Анатолий Калинин - Товарищи
Не только сами авторы произведений, составляющих ныне славу советской культуры и науки, но и мы, живущие в одно время с ними, порой так нерачительны, бесхозяйственны к тому, что будет разыскиваться, собираться и расшифровываться нашими потомками по листку, по строке и букве. Но все же утешаешься надеждой, что рано или поздно будут собраны не только бесценные рукописи автора донских рассказов, «Тихого Дона», «Поднятой целины», но и тысячи его писем, записок, телеграмм, адресованных колхозникам, рабочим, учителям, агрономам, инженерам, солдатам и их вдовам, ученым и студентам, партийным работникам, людям самых разнообразных профессий и судеб, и, заняв в десятках томов свое место рядом с тысячами писем Шолохова молодым и немолодым авторам, издателям, переводчикам, отечественным и зарубежным деятелям культуры, дадут почувствовать поистине гигантский масштаб повседневной, никогда не афишируемой им работы, которая шла рядом и переплеталась с его творческой работой.

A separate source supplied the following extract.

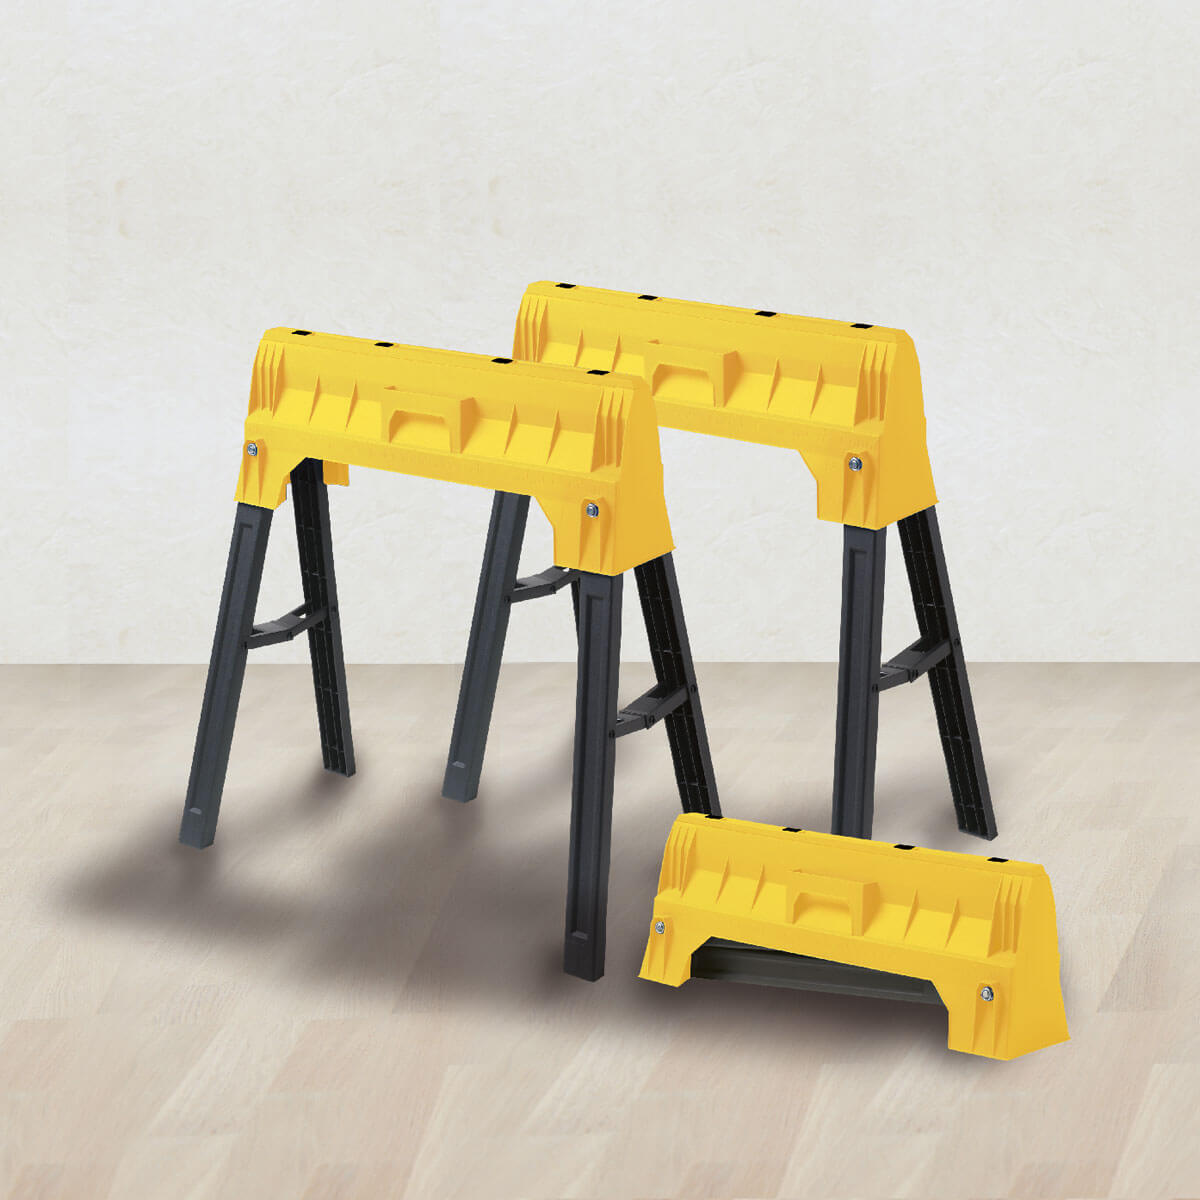 Tréteau plastique pliable jaune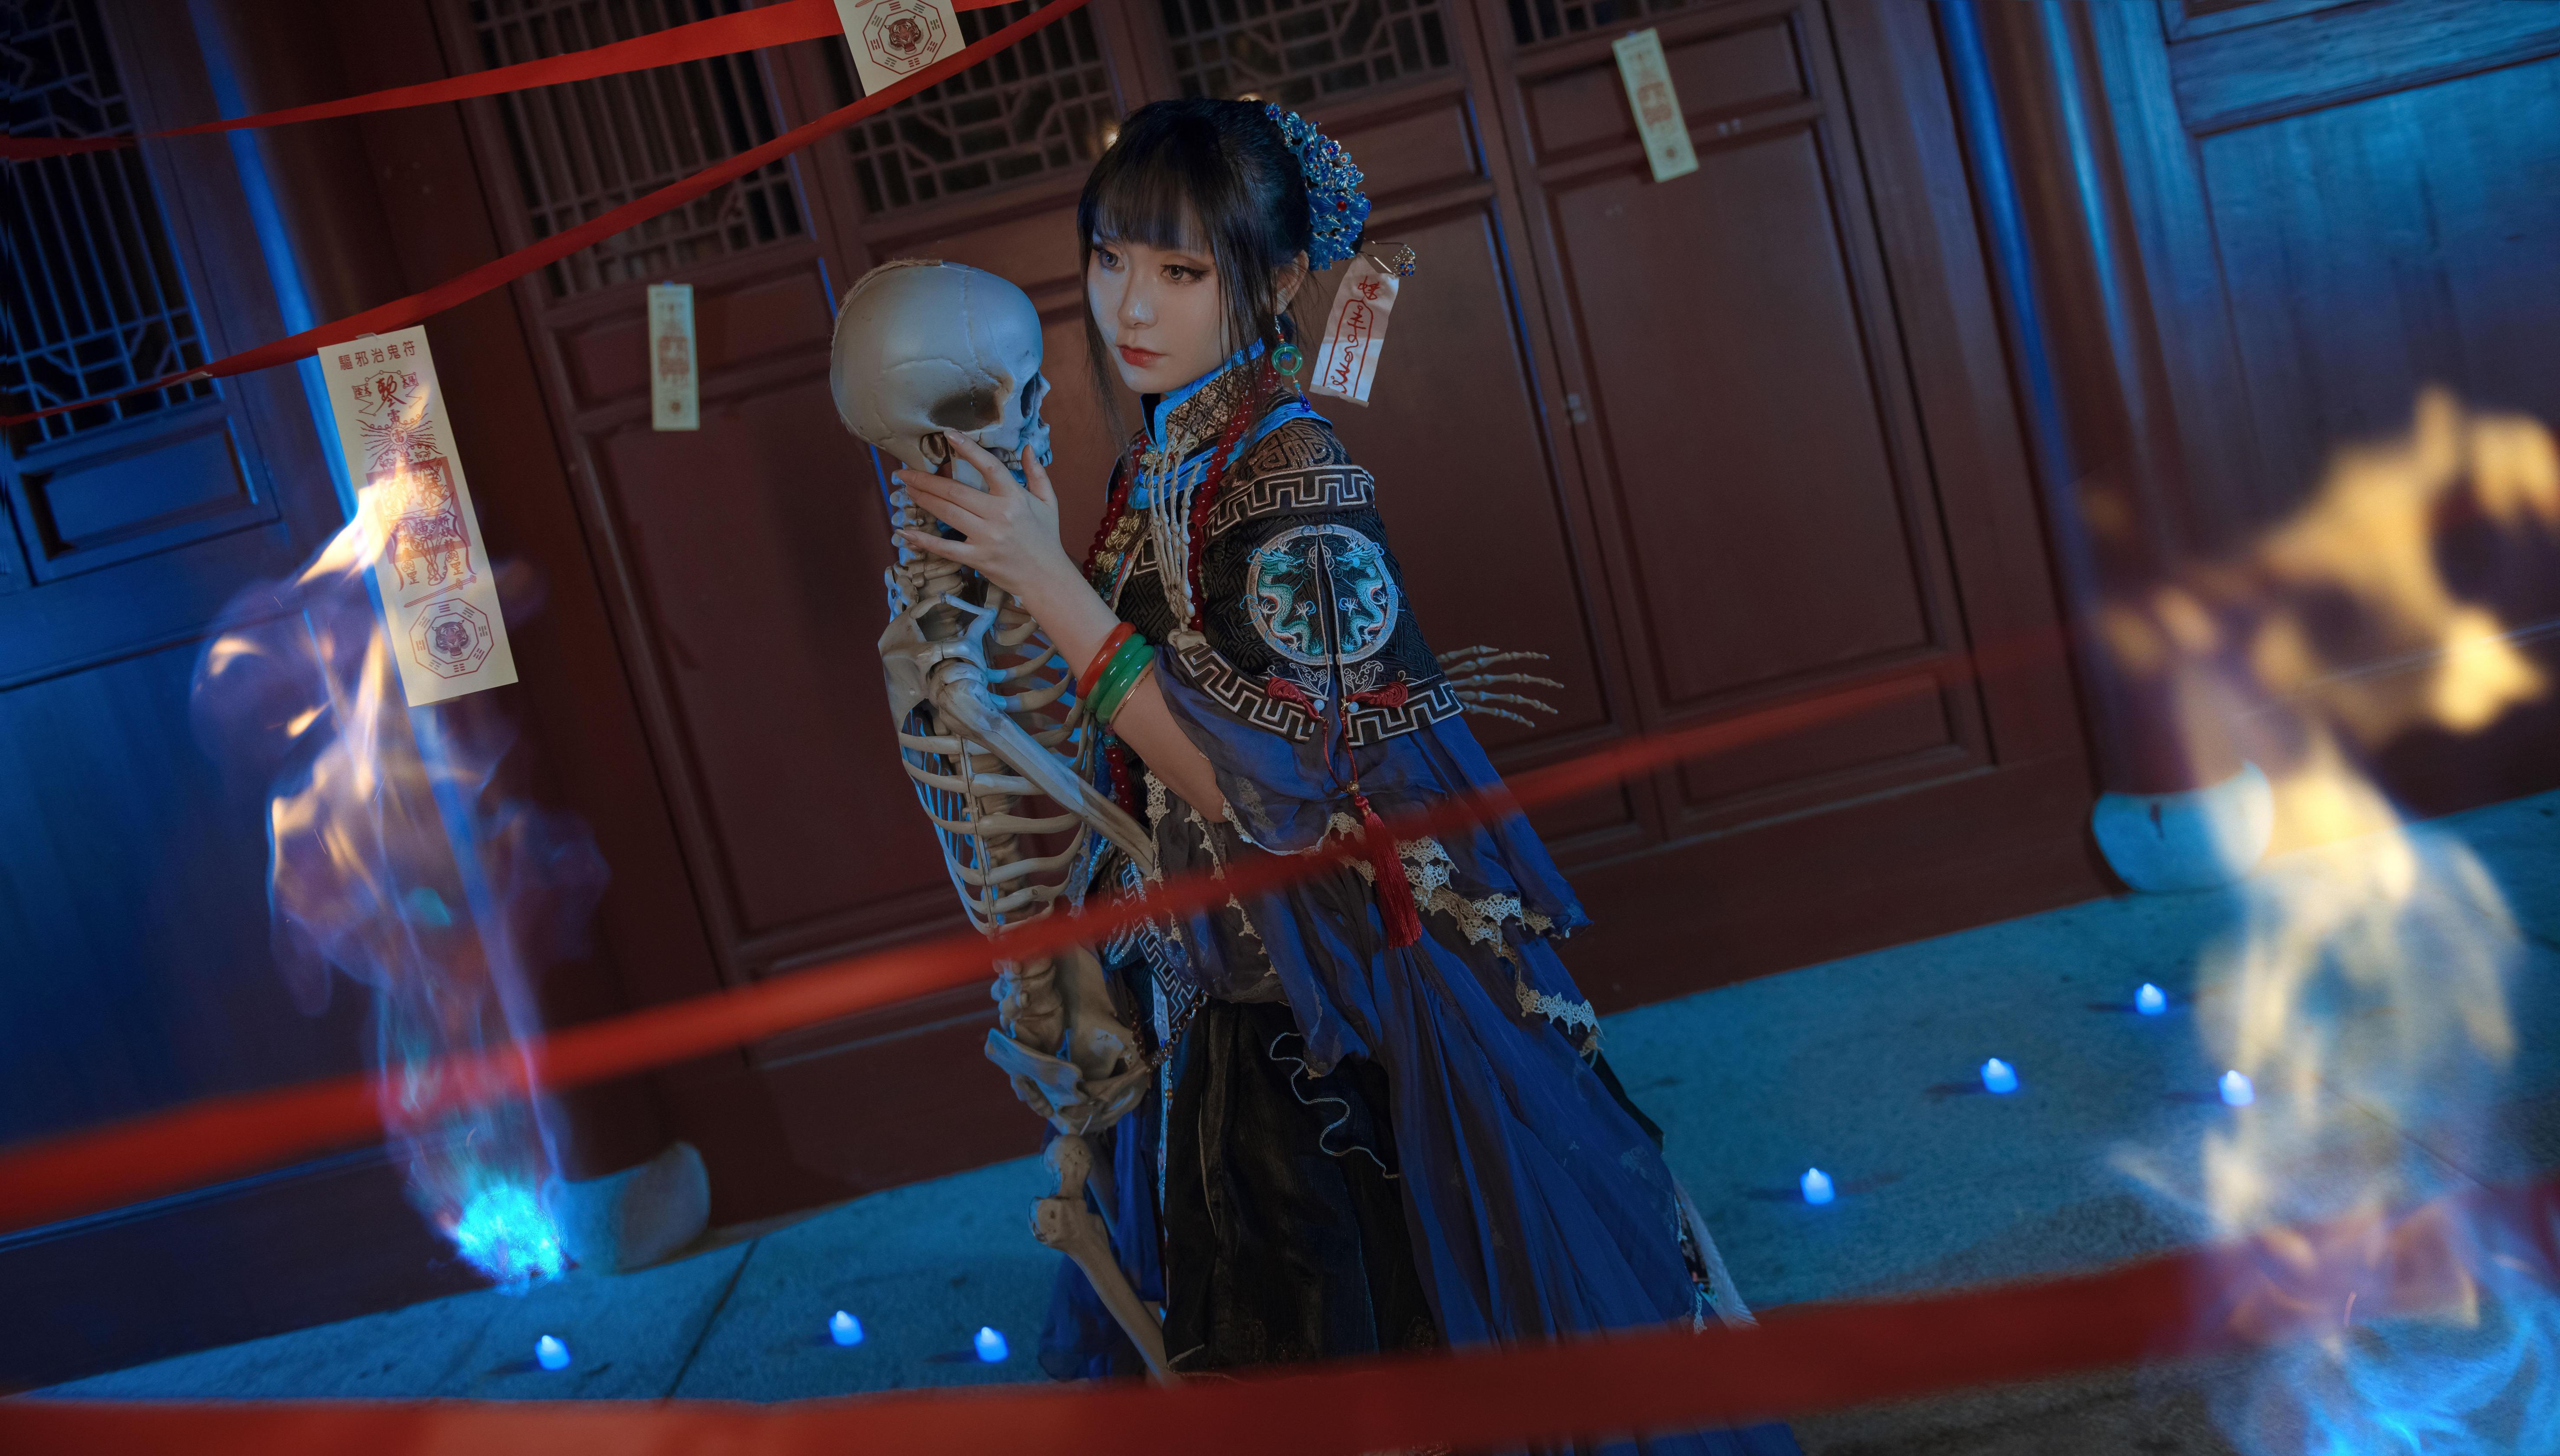 《闪耀暖暖》奇迹暖暖cosplay【CN:沐鱼微夏】-第8张

Скольких он выслушал, поддержал, вызволил из беды и нужды в трудную пору жизни, скольким поклонился за их помощь другим людям, открыл дорогу в литературу, к читателям! И сколько всегда в самой маленькой записочке, в автографе на книге, в дружеской эпиграмме, в мимолетно оброненном афоризме игры ума и живого слова, изящества, и остроумия, но прежде всего — бесстрашной правды. Всегда грущу, когда подумаю, сколько так и осталось незаписанными его изустных застольных новелл, но и утешаю себя надеждой, что, может быть, рядом с ним и есть те, кто повседневно записывает, даже ведет дневники. А если нет, то какая же это будет потеря…
Но и одни только письма, рассеянные пока по многочисленным адресатам Шолохова, когда-нибудь дадут возможность воочию представить, как грандиозна та подводная часть, которая таилась под айсбергом его художественных творений.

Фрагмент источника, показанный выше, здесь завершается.